# [SOLVED] How to remove MAS_View software



## paulhurm (May 25, 2014)

I installed "MAS_View" software to evaluate it. It is software for logging a DMM.

I now want to remove it but it does not show up in Add/Remove. I can't find a web site for it so I don't know where I even got it in the first place. The "About" information doesn't help either, no web site or company name given that I can track down.

The "About" splash screen calls it "MAS-VIEW for Windows" at the top and "MAS_VIEW at the bottom so they weren't consistent on the name! It is marked as Version 1.1, copyright 2000.

Anyone have a thought on how to get rid of it from XP?

TIA!

Paul


----------



## joeten (Dec 4, 2008)

*Re: How to remove MAS_View software*

Revo uninstaller the free version usually does ok Download Revo Uninstaller Freeware - Free and Full Download - Uninstall software, remove programs, solve uninstall problems


----------



## paulhurm (May 25, 2014)

*Re: How to remove MAS_View software*

Well, unfortunately that does not work either.

Revo displays a list of programs but the MAS_View software is not included in its list just like it is not included in add/remove.

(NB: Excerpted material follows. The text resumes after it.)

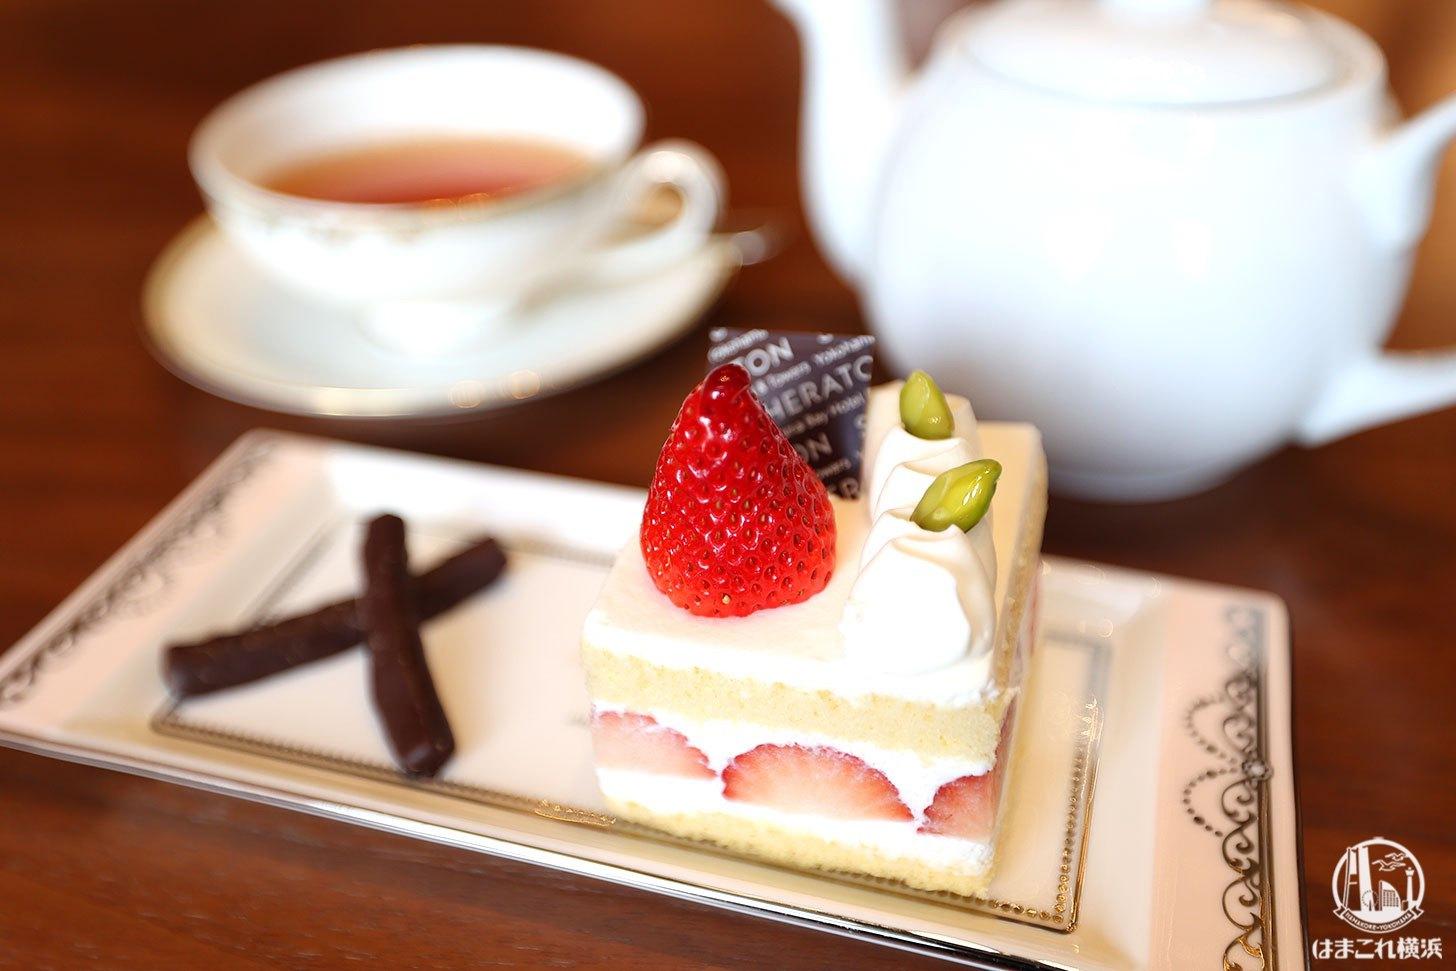 ラウンジ「シーウインド」ケーキと紅茶

BUT - as I got to looking around a bit more I went into Program Files and looked at the MAS folder. The only EXE file there directly opens the program rather that an installer. I now suspect that this was one of those older programs that you unzipped, put in a folder and ran directly from the folder. I may (?) have manually added a shortcut to my Progrms Menu at some point rather than some installer doing it.

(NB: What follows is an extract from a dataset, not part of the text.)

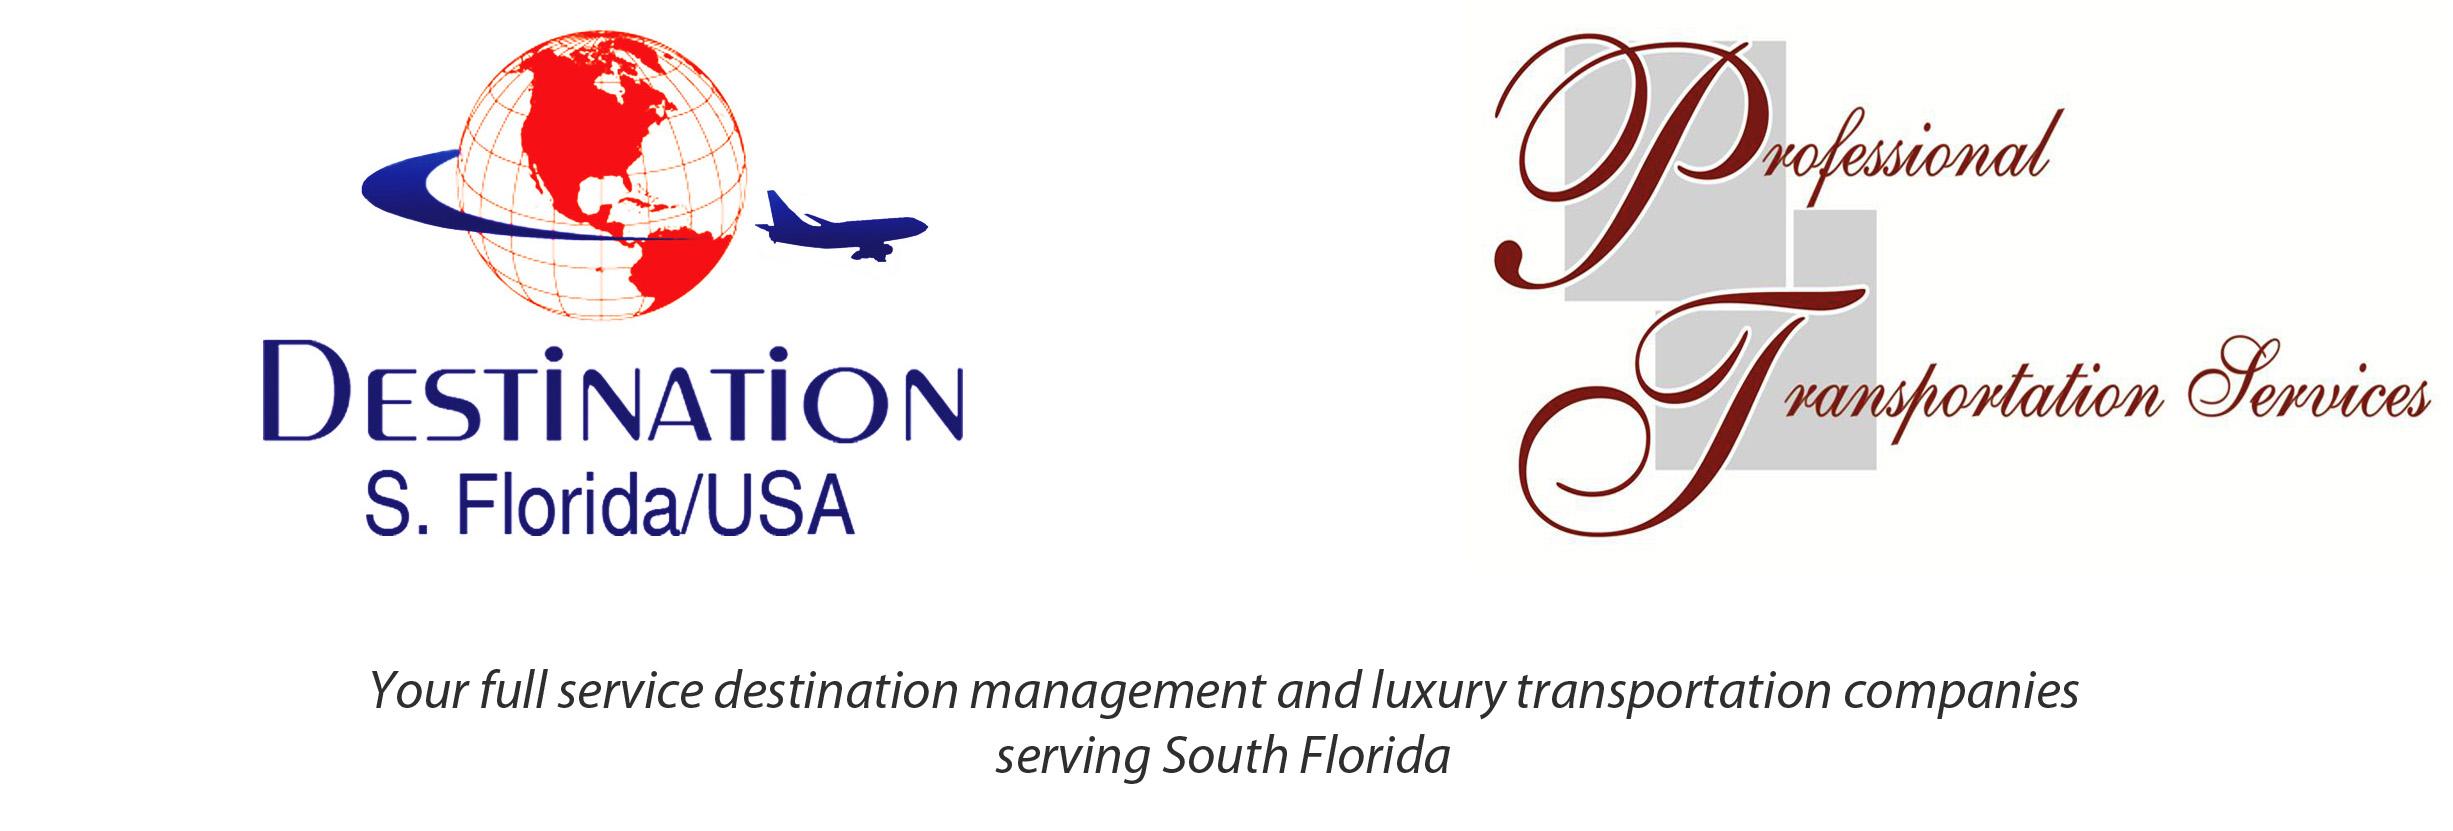 Destination S. Florida/USA
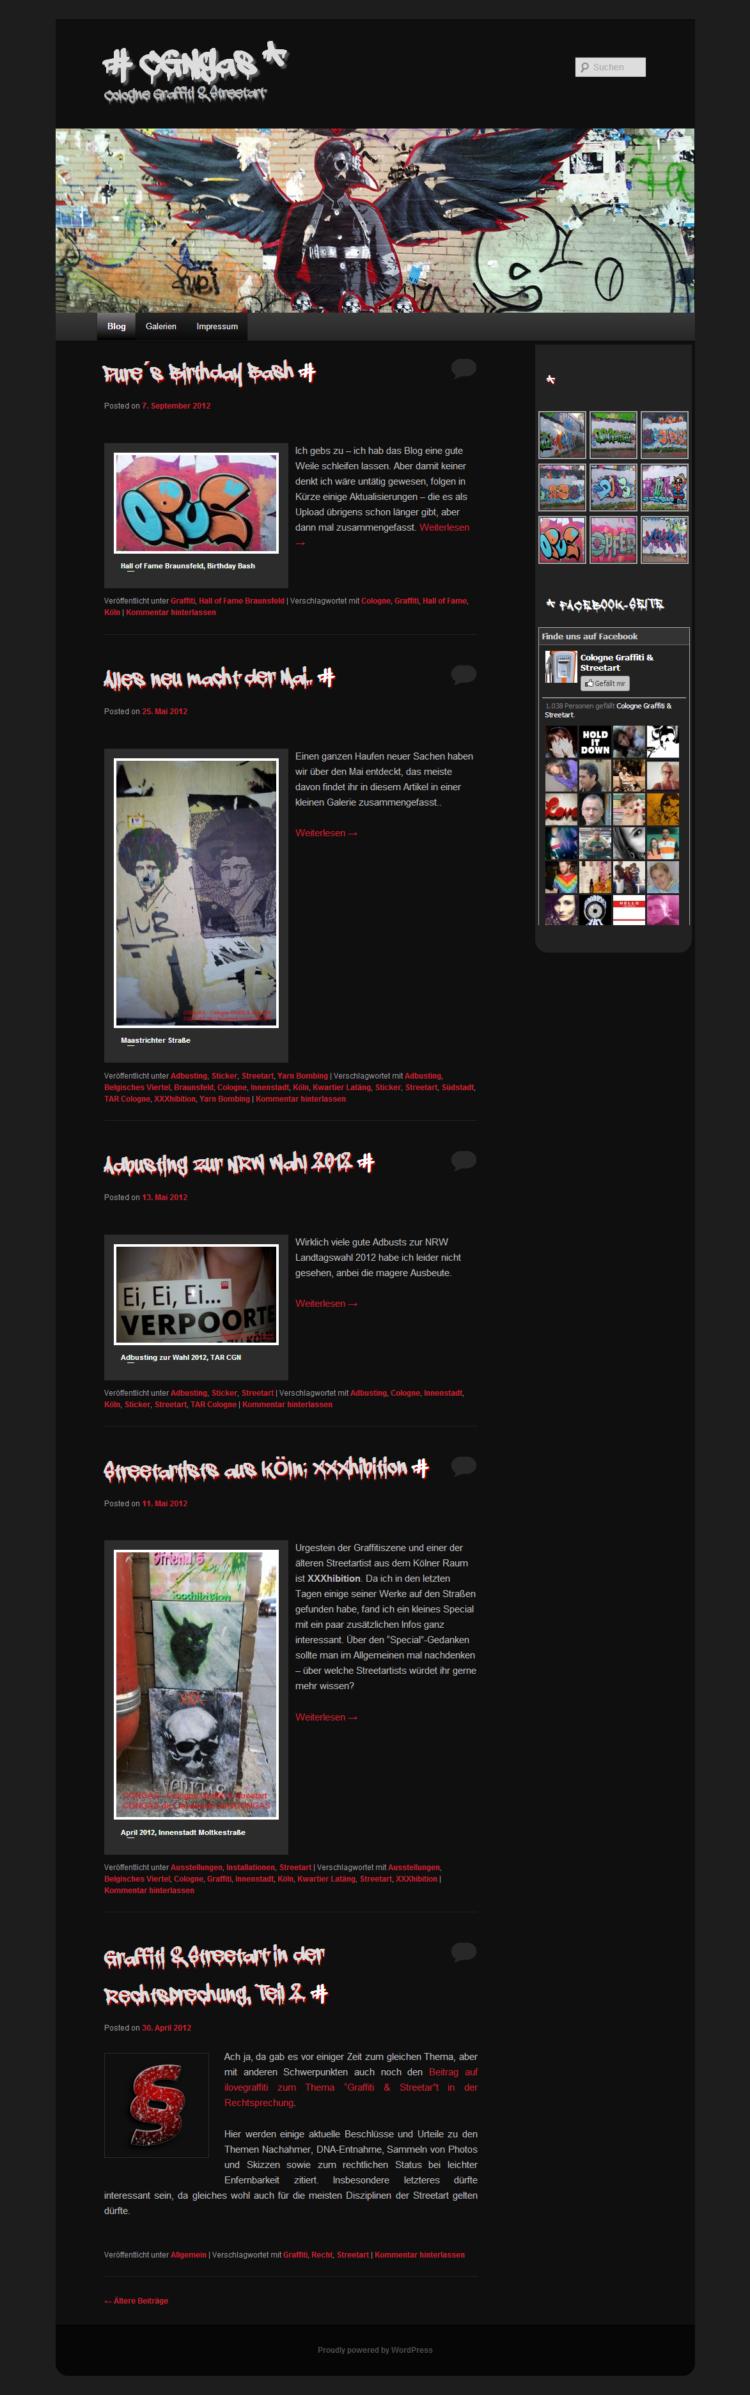 CGNGAS - Startseite

I will probably wait a day or so (in no hurry just cleaning up) to see if some other info is presented here, otherwise I may just delete the MAS folder and leave it at that.

Thanks for the suggestion!

Paul


----------



## joeten (Dec 4, 2008)

*Re: How to remove MAS_View software*

Try hunter mode Revo Uninstaller Will Hunt Down Your Bloatware


----------



## paulhurm (May 25, 2014)

*Re: How to remove MAS_View software*

The hunter mode gave me a message "No Installation Package Found". 

This would seem to reinforce my thinking that it was one of the older "unzip and add the files to a folder" and run from there installations.

I am getting pretty comfortable with the idea of just deleting the menu shortcut and the folder and going from there.

I found nothing in the registry that would indicate that this program was even added there.

Thanks again for the help.

Paul


----------



## joeten (Dec 4, 2008)

*Re: How to remove MAS_View software*

That is what I thought might be the case I would delete as you suggested.


----------



## paulhurm (May 25, 2014)

*Re: How to remove MAS_View software*

Thanks again for your thoughts.

For possible future reference, the "solution" is that I just manually deleted the folder as previously discussed.

Personally, I would mark this thread as now closed and solved!


----------



## joeten (Dec 4, 2008)

*Re: How to remove MAS_View software*

You can mark it solved using the thread tools near the top of the page


----------